PacificBiosciences / pbbioconda

PacBio Secondary Analysis Tools on Bioconda. Contains list of PacBio packages available via conda.
BSD 3-Clause Clear License
Pigeon classify fails #645

Pigeon classify fails #645

Closed sojichld closed 7 months ago

sojichld commented 7 months ago

Operating system MAC (but I am using through an HPC so redhat linux)

Package name pigeon 1.2.0

Conda environment

Describe the bug I am trying to use pigeon classify, and though my file looks like it is formatted given examples on, it is telling me there is some formatting error.

When I look at my file to see if there is a missing tab or something of the sort, it looks like the tabs are correctly situated. image

Above is a vim forward slash on the tab character.

Error message

| 20240202 11:42:58.030 | FATAL | pigeon classify ERROR: error loading reference annotations for reference: CM061257.1
GFF/GTF file error, improperly formatted record
  reason : missing gene_name attribute
  record : CM061257.1     transcript      104022  137695  .       +       .       gene_id "ENST00000310340.PIGG.4"; transcript_id "ENST00000310340.PIGG.4";

This implies to me that it expects to see "gene_name"? However this format seems to me the same as the compatible file in

chr1    ENSEMBL transcript      17369   17436   .       -       .       gene_id "ENSG00000278267.1"; transcript_id "ENST00000619216.1"; gene_type "mi
RNA"; gene_status "KNOWN"; gene_name "MIR6859-1"; transcript_type "miRNA"; transcript_status "KNOWN"; transcript_name "MIR6859-1-201"; level 3; tag "
basic"; transcript_support_level "NA";

So I wouldn't expect this to fail, or run into this issue.

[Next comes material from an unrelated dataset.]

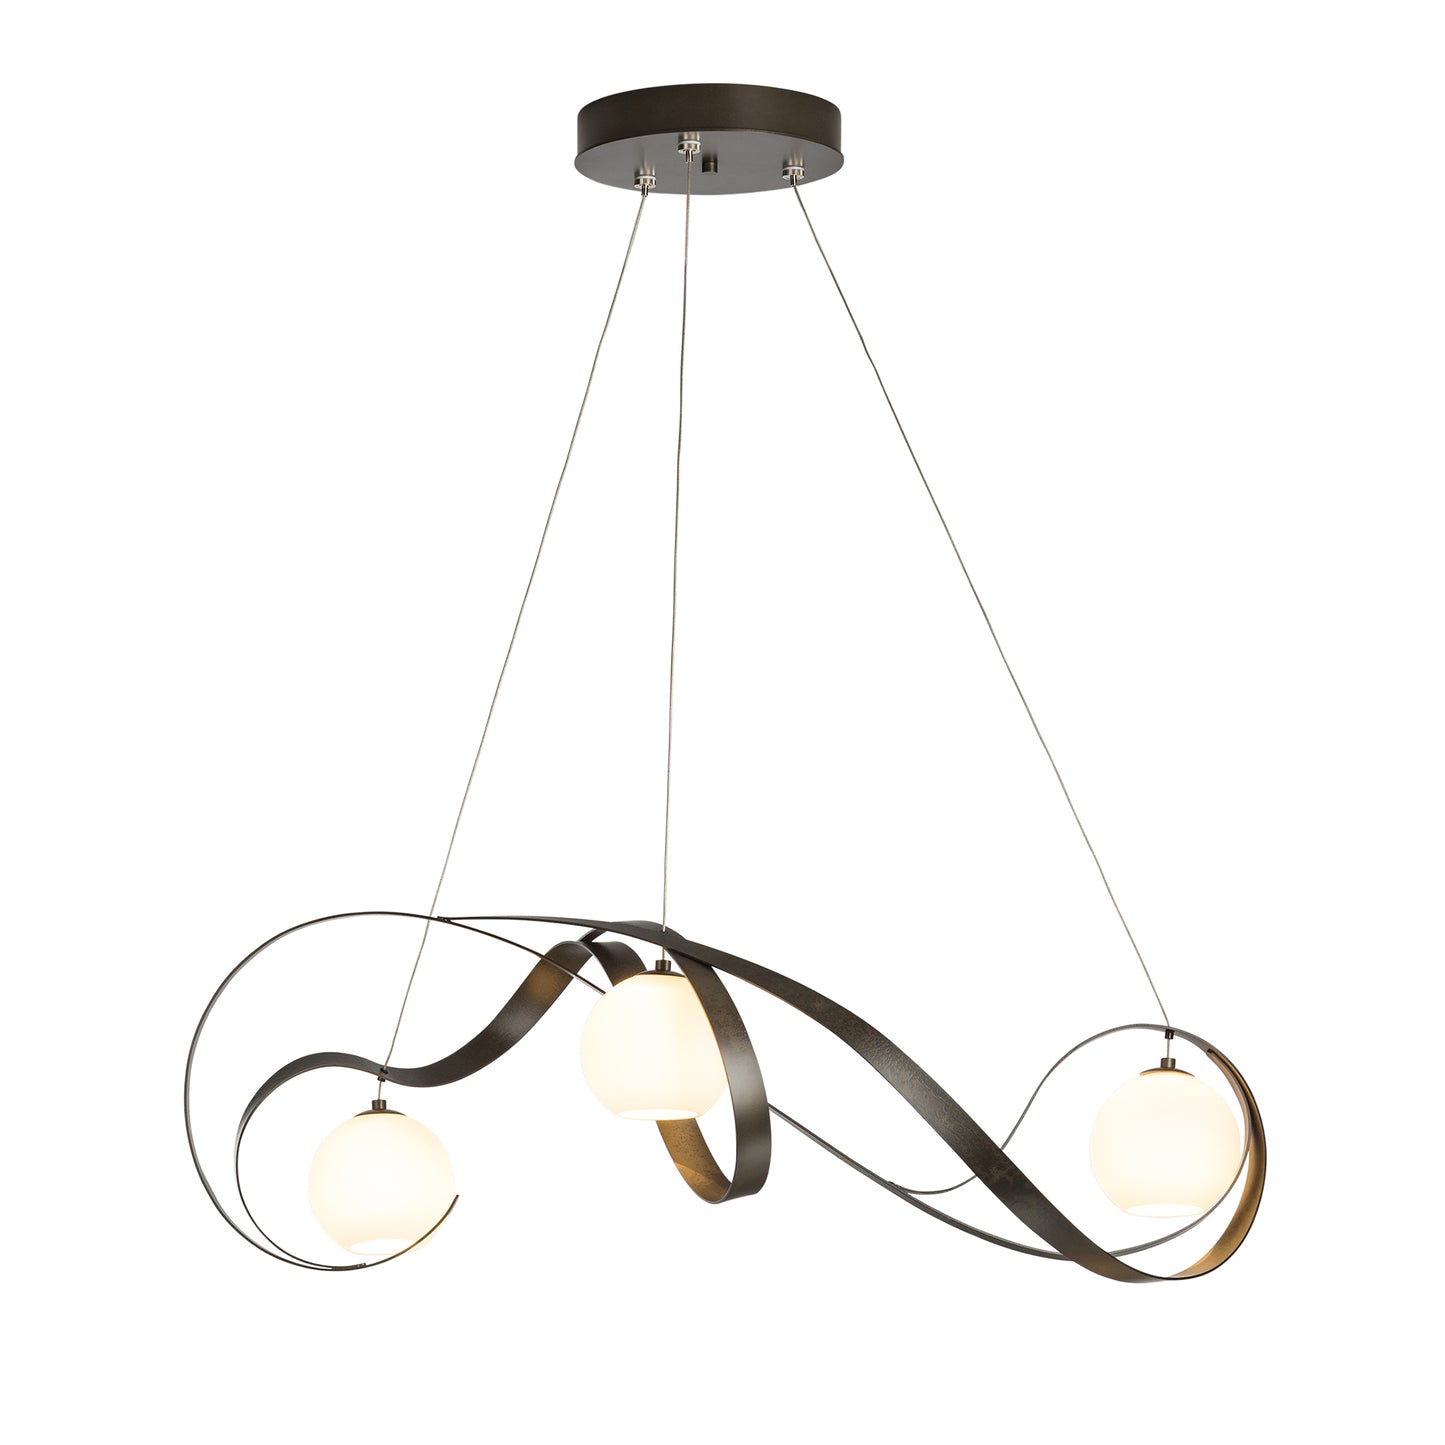 Handcrafted Karma Pendant, featuring a swirl design, from Hubbardton Forge lighting.
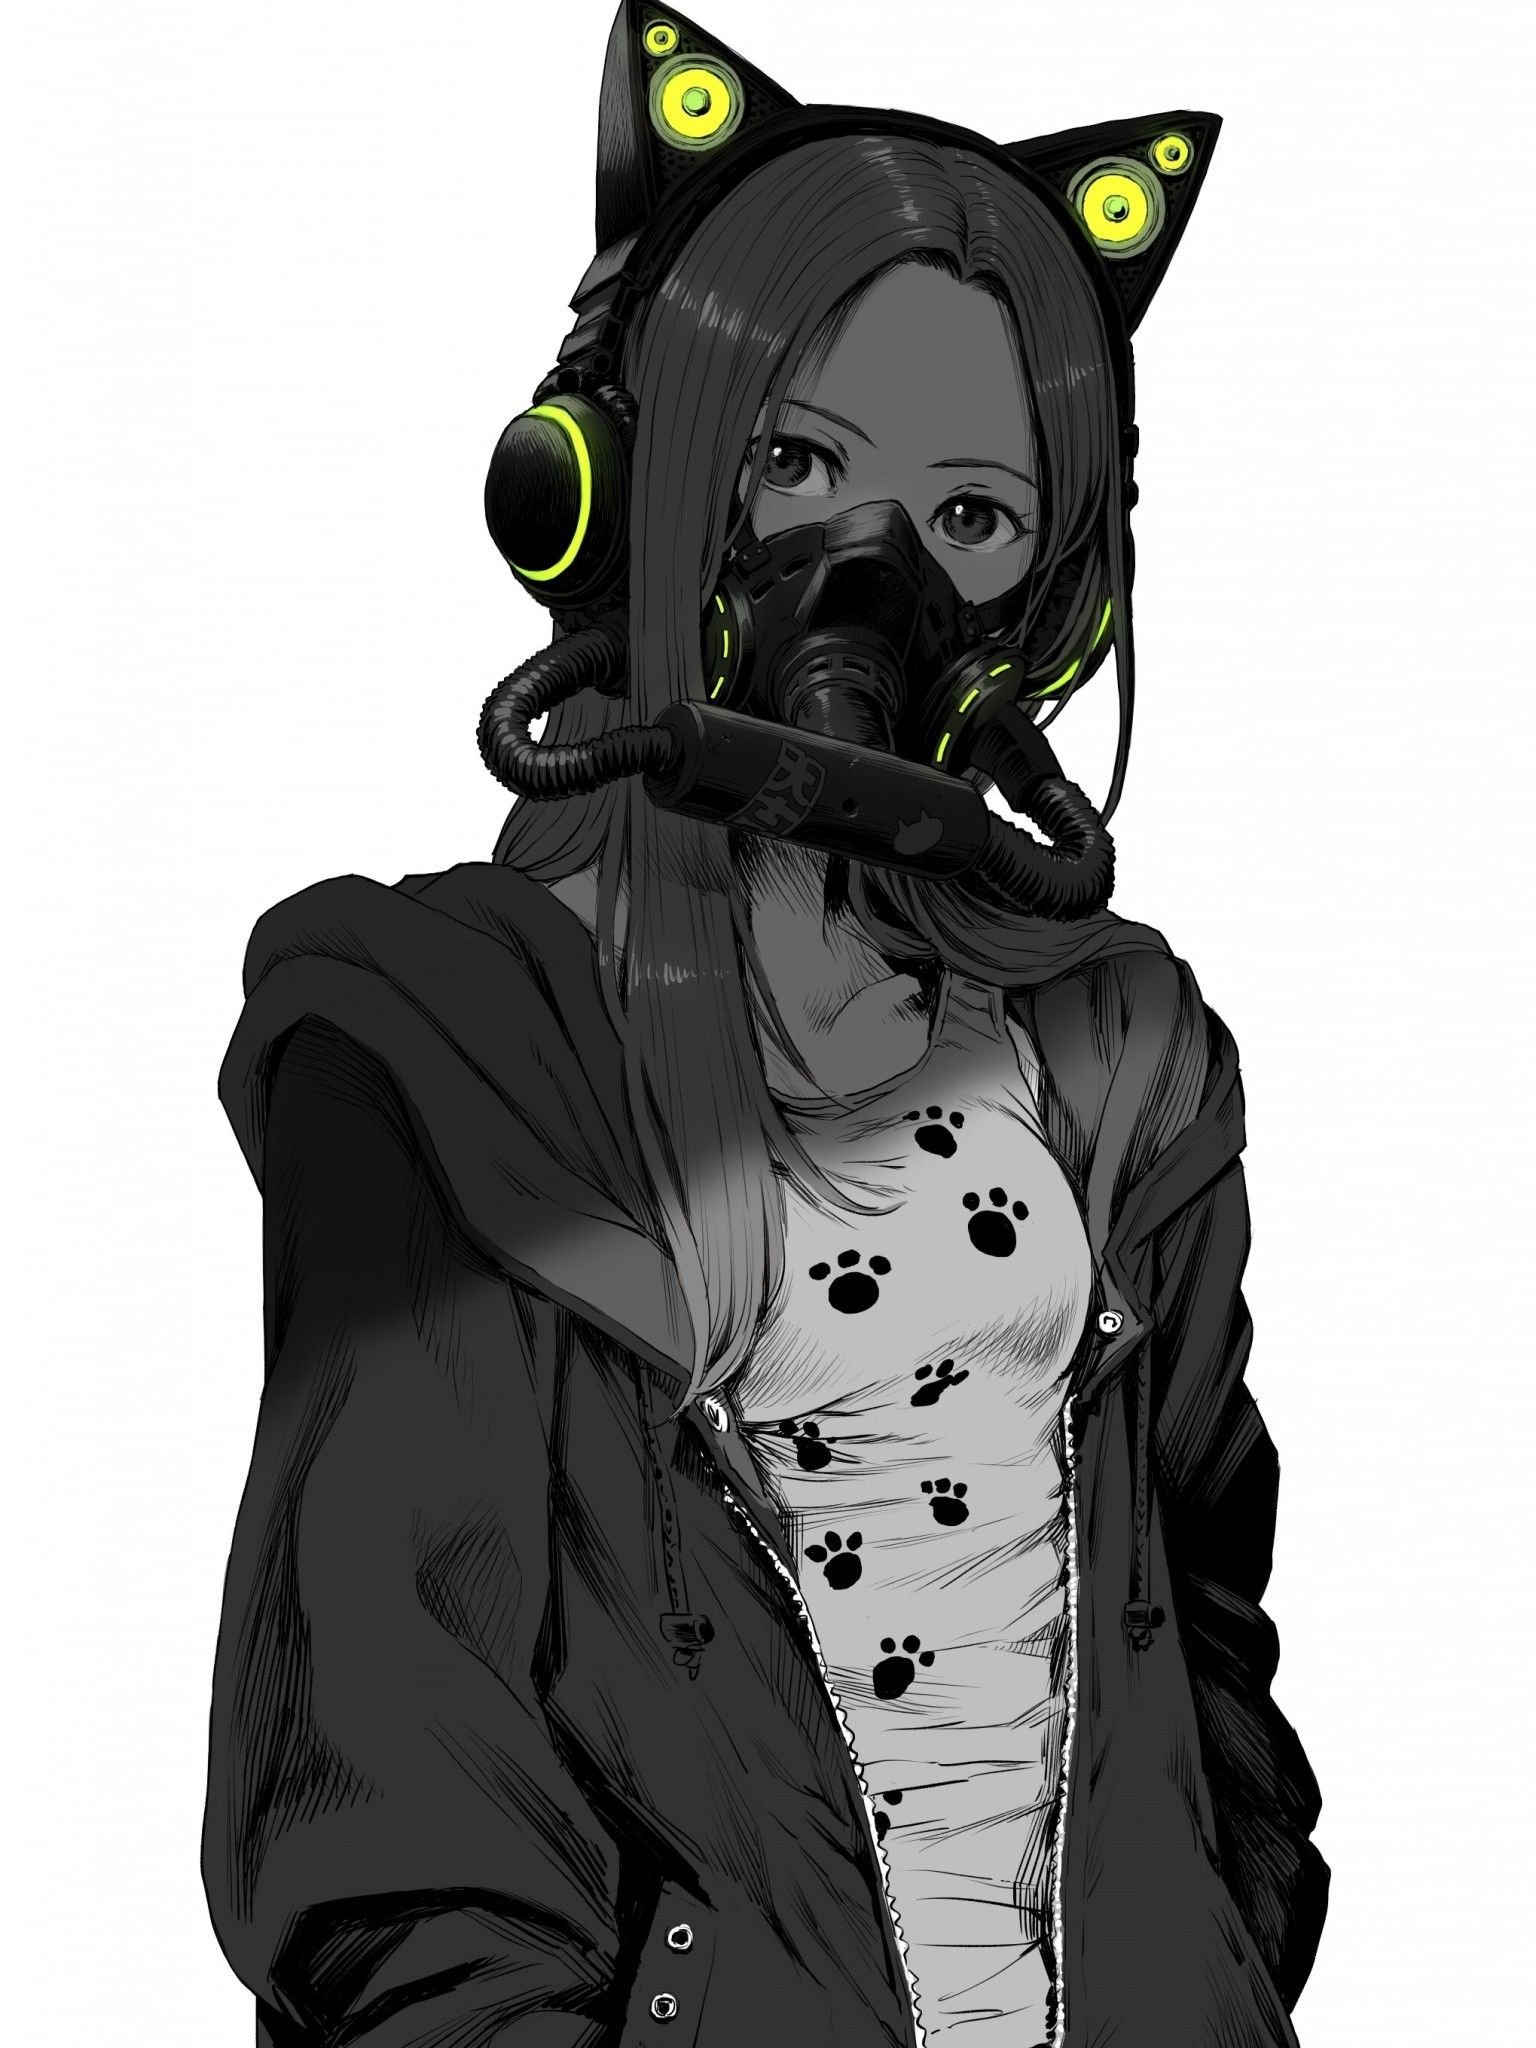 Download 1536x2048 Anime Girl, Mask, Jacket, Black And White

To Reproduce I ran classify module on such a file, let me know files to provide for reproduction.

Expected behavior Provides output from the classify script

sojichld commented 7 months ago

found error

armintoepfer commented 7 months ago

It would be helpful if you document what was your problem and how you've fixed it.

sojichld commented 7 months ago

It was missing the gene_name field. In the example posted to the, while it begins similarly to my file, there is indeed a gene_name field in column 9, just a few entries farther down. The gtf that I was using did not have this field, and I overlooked that this is mentioned as one of the three required fields.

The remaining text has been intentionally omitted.